Twenty years ago, ‘entertainment’ meant going to a single screen cinema hall or catching up on an old movie on the cable television network. Entertainment channels such as Zee and Sun TV had barely begun operations, while multiplexes and direct-to-home operations were unheard of.

Cut to the present and we have movies grossing Rs 100 crore plus in collections quite regularly and films being available on DTH platforms within a month of their release. In many ways, the media and entertainment ‘industry’ itself has grown into prominence only in the last 7-10 years.

Investor’s point of view

From an investor’s perspective, the listing of stocks across print and electronic media, ushered in new investment opportunities. During the boom years for the economy between 2003 and 2008, advertising revenues for print and electronic media grew at a hectic pace, while subscription did not garner a similar traction.

The listed multiplex players have been caught up in consolidation. From four players, two were acquired by the larger players. This consolidation has helped build scale and improve ticket prices for film exhibitors.

Most of the companies in the media and entertainment space today earn revenues of more than Rs 1,000 crore annually (Sun TV and Zee Entertainment are much larger).

While the stock market returns of most of these companies have been quite disappointing since listing with many of them even below their listing price, it may be worthwhile to examine the broad trends that have emerged in each segment over the last decade.

Disappointing returns

The dependence on advertising for print and electronic media companies has meant that their fortunes have been quite closely linked to the state of the economy. Therefore, most stocks listed over the last 7-8 years, barring PVR, have not had a spectacular run.

Zee Entertainment, which listed about twenty years ago (albeit as a different entity), has been the exception, delivering an astounding 9,383 per cent return over this timeframe. The stock also commands the highest valuation among media and entertainment stocks.

Sun TV, the second-largest player in the listed arena, was an out-performer until political developments and the increasing competition in the southern market exerted pressure on the stock.

In the print space, Hindi language newspapers DB Corp and Jagran Prakashan with their strong regional focus and ability to derive a good share of local advertising, have done much better than the English major, HT Media. In the electronic media space, the likes of NDTV, focused on news alone and has continued to be loss making; it has been given a thumbs down by the markets continuously over the past few years.

Industry trends

Zee Entertainment, despite heavy competition from Star and Colors, has managed to remain among the top three players among the general entertainment channels. All three have been beneficiaries of the telecom regulator’s mandate to digitise large parts of the country implemented over the last couple of years. As a result, subscription revenues have received a significant boost. Zee Entertainment, for example, now has a near 50:50 mix of advertising and subscription.

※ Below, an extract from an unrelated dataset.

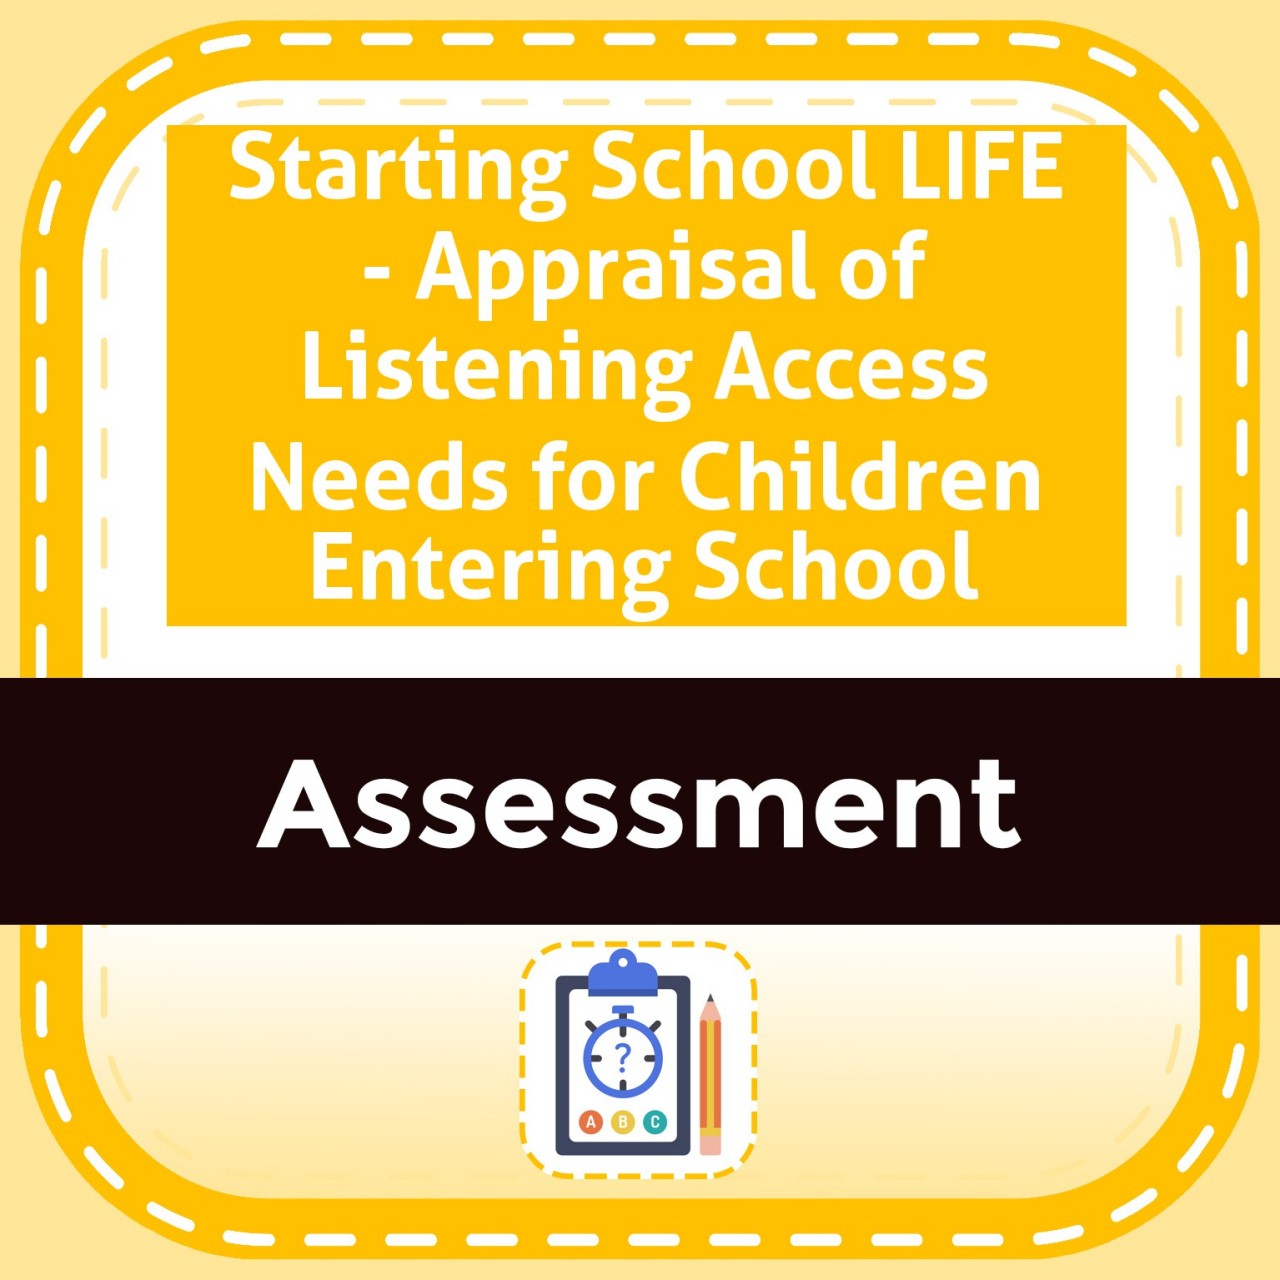 Starting School LIFE - Appraisal of Listening Access Needs for Children Entering School

Concentration has also been evident in the industry. Though there is a huge list of channels in the general entertainment space, the top three players today account for over three-fourths of the advertising pie. Hence, the long tail of also-rans, that are also dependent on advertising revenues, tend to struggle to remain profitable.

Print media

In the print industry, the mix of revenues remains skewed in favour of advertising. Most newspapers derive nearly 75 per cent of their revenues from advertisements. Here, the key trend has been regional language newspapers, especially the widely read Hindi dailies, managing to bridge the gap in advertising rates compared to their English counterparts. From over 11 times 10 years ago, the premium that English papers command is now just over four times, according to industry reports.

Despite the growth in Internet and television, print still continues to garner the highest share of advertising with 46 per cent of the overall pie, down just two percentage points from what it was seven years ago.

In the multiplex space, there has been a bout of consolidation with Inox buying out Fame and PVR acquiring Cinemax. This has given these multiplexes significant scale and a presence in most important centres in the country.

Multiplex financials have also improved with consolidation. From the ticket price of Rs 10-15 that single screens used to charge 20 years ago, average ticket prices in a multiplex have soared to Rs 170 levels. The spends on food and beverage also have been rising and hover at about Rs 60 per person, thus aiding realisations. These trends have helped make up for relatively muted occupancies and the seasonality of the business.

Cable network operators such as Den Networks and Hathway Cable have benefitted significantly by the Government’s mandate to digitise cable networks across the country in key metros and top cities. In fact, it has helped them come out of losses and become profitable at the net level.

Growing industry

The media and entertainment industry was worth Rs 82,100 crore as of 2012. With several new segments such as animation, digital advertising, OOH and gaming coming into the fold, the space is expected to expand significantly.

According to a report from FICCI-KPMG, the media and entertainment industry is expected to grow at 15 per cent annually till 2017 and reach a size of Rs 1,66,100 crore.

Certainly that is a big leap for an industry that was extremely localised and unorganised till about 15 years ago.